Initially, CORS was properly configured for https port 5001 and everything was running smoothly. However, when I accidentally accessed an old bookmark for port 5000, I encountered an unexpected error message along with a 'preflight' error in the console.

Regardless of your specific environment, it is essential to ensure that all necessary ports are specified when using CORS, as both the host and port play crucial roles in successful communication.

It turned out that the root of my issue was related to my browser, as my requests were functioning properly in Postman.

I discovered that both Firefox and Chrome were blocking requests directed to port 6000. Once I made the switch to port 4000 for my ASP.NET API, the error message transformed into a CORS error that I was able to resolve.

Chrome specifically displayed the error code ERR_UNSAFE_PORT, providing me with valuable insight into where the problem might lie.

To resolve the CROS issue in your Angular or Ionic project while utilizing Laravel as your Backend, you can easily do so by editing your .htaccess file and adding the following code:

Header add Access-Control-Allow-Origin "*"
Header add Access-Control-Allow-Methods: "GET,POST,OPTIONS,DELETE,PUT"

In the case where a correct cors header is in place, it's possible that your corporate network is removing this header. To determine if the issue lies with the network, attempt to access the website from outside of your network. This can help identify whether the network is indeed causing the problem, a step worth taking regardless of the root cause.

Include the following code snippet in your connection file

header("Access-Control-Allow-Origin: *");
header("Access-Control-Allow-Methods: PUT,GET,POST,DELETE");
header("Access-Control-Allow-Headers: Origin, X-Requested-With, Content-Type, Accept");

In the realm of asp.net core, in case your api controller is missing the annotation [AllowAnonymous], it's essential to insert it above your controller title in this manner:

[ApiController]
    [Route("api/")]
    [AllowAnonymous]
    public class TestController : ControllerBase

For those utilizing nodejs as a backend, here are the necessary steps:

1. Begin by installing cors in your backend application:

   npm install cors

2. Next, include this code snippet:

    const cors = require('cors');
    const express = require('express');
    const expressApp = express();
    expressApp.use(cors({
        origin: ['http://localhost:4200'],
        "methods": "GET,PUT,POST",
        "preflightContinue": false,
        "optionsSuccessStatus": 204,
        credentials: true
    }));
   

Dealing with the same problem, I found a solution by incorporating grdl's advice and implementing a cors configuration on my server as shown below.

{
"cors": [
    {
      "origin": [“*”],
      "method": ["GET"],
      "responseHeader": ["Content-Type"],
      "maxAgeSeconds": 3600
    }
  ]
}

Make sure to refer to your server's specific cors configuration guide for proper setup instructions.

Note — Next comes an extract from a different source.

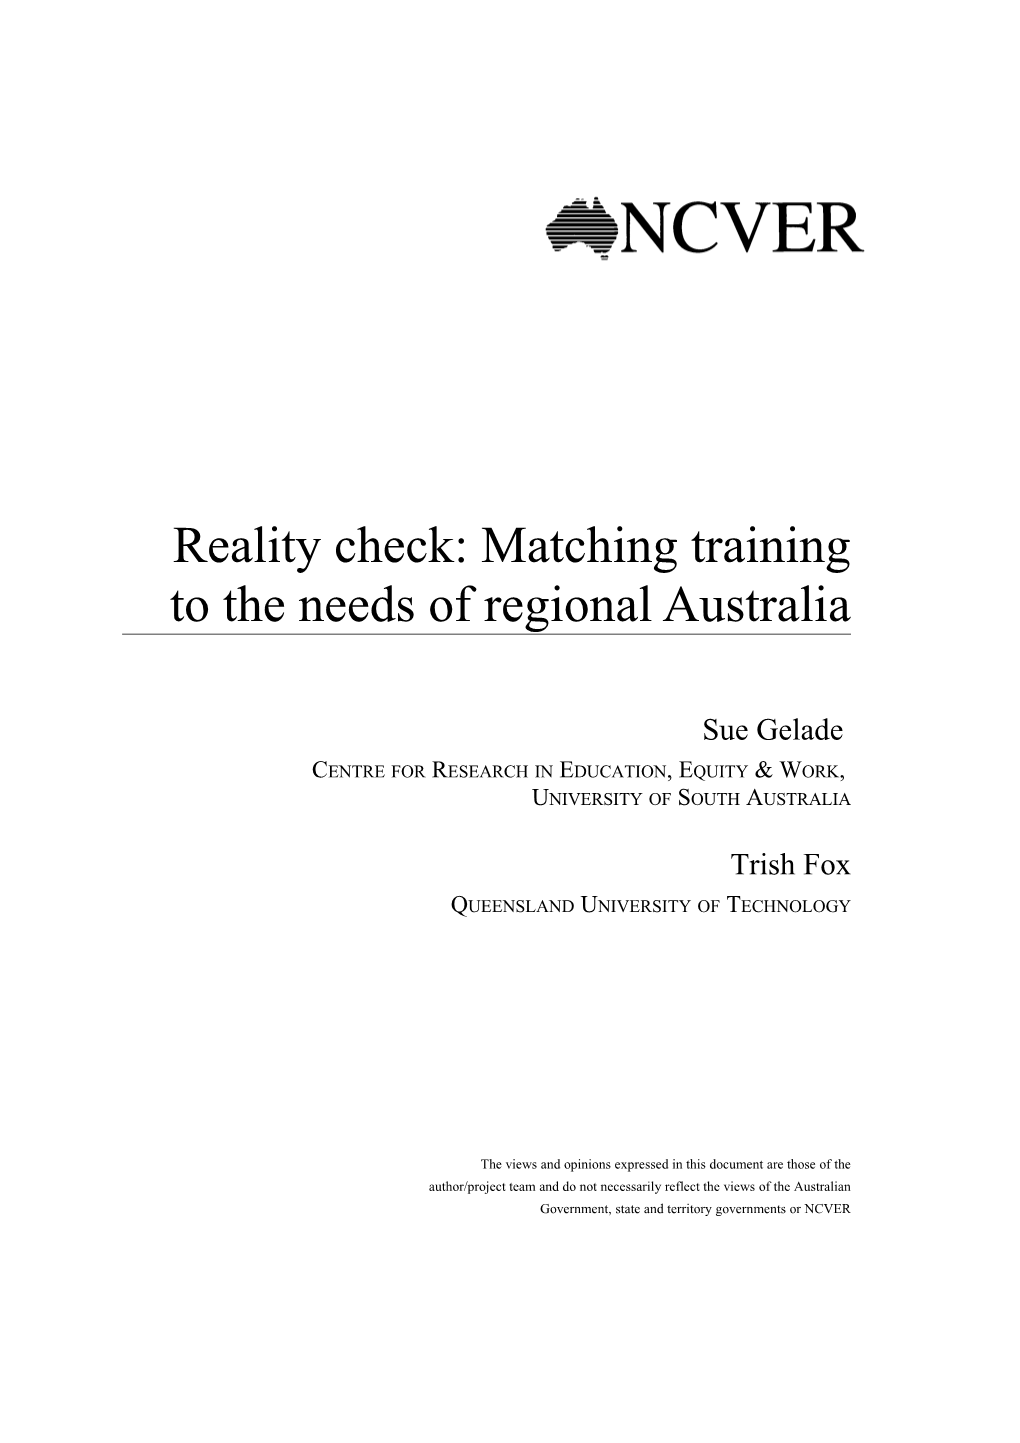 Reality Check: Matching Training to the Needs of Regional Australia

Let's discuss some straightforward scenarios:

a) When the network disconnects, a zero byte response is received.

b) Cancelling an HTTP call can result in this outcome (surprisingly).

c) During startup, moving pages too quickly can lead to canceled HTTP calls due to Angular not being properly connected. I had to lock the page to prevent this from happening.

d) With a proxy in between, the connection may be terminated after 30 seconds without sending a HTTP timeout packet. Checking the .NET logs on the backend will reveal a "client disconnected" message. This occurrence is common as users may simply close their browsers without warning.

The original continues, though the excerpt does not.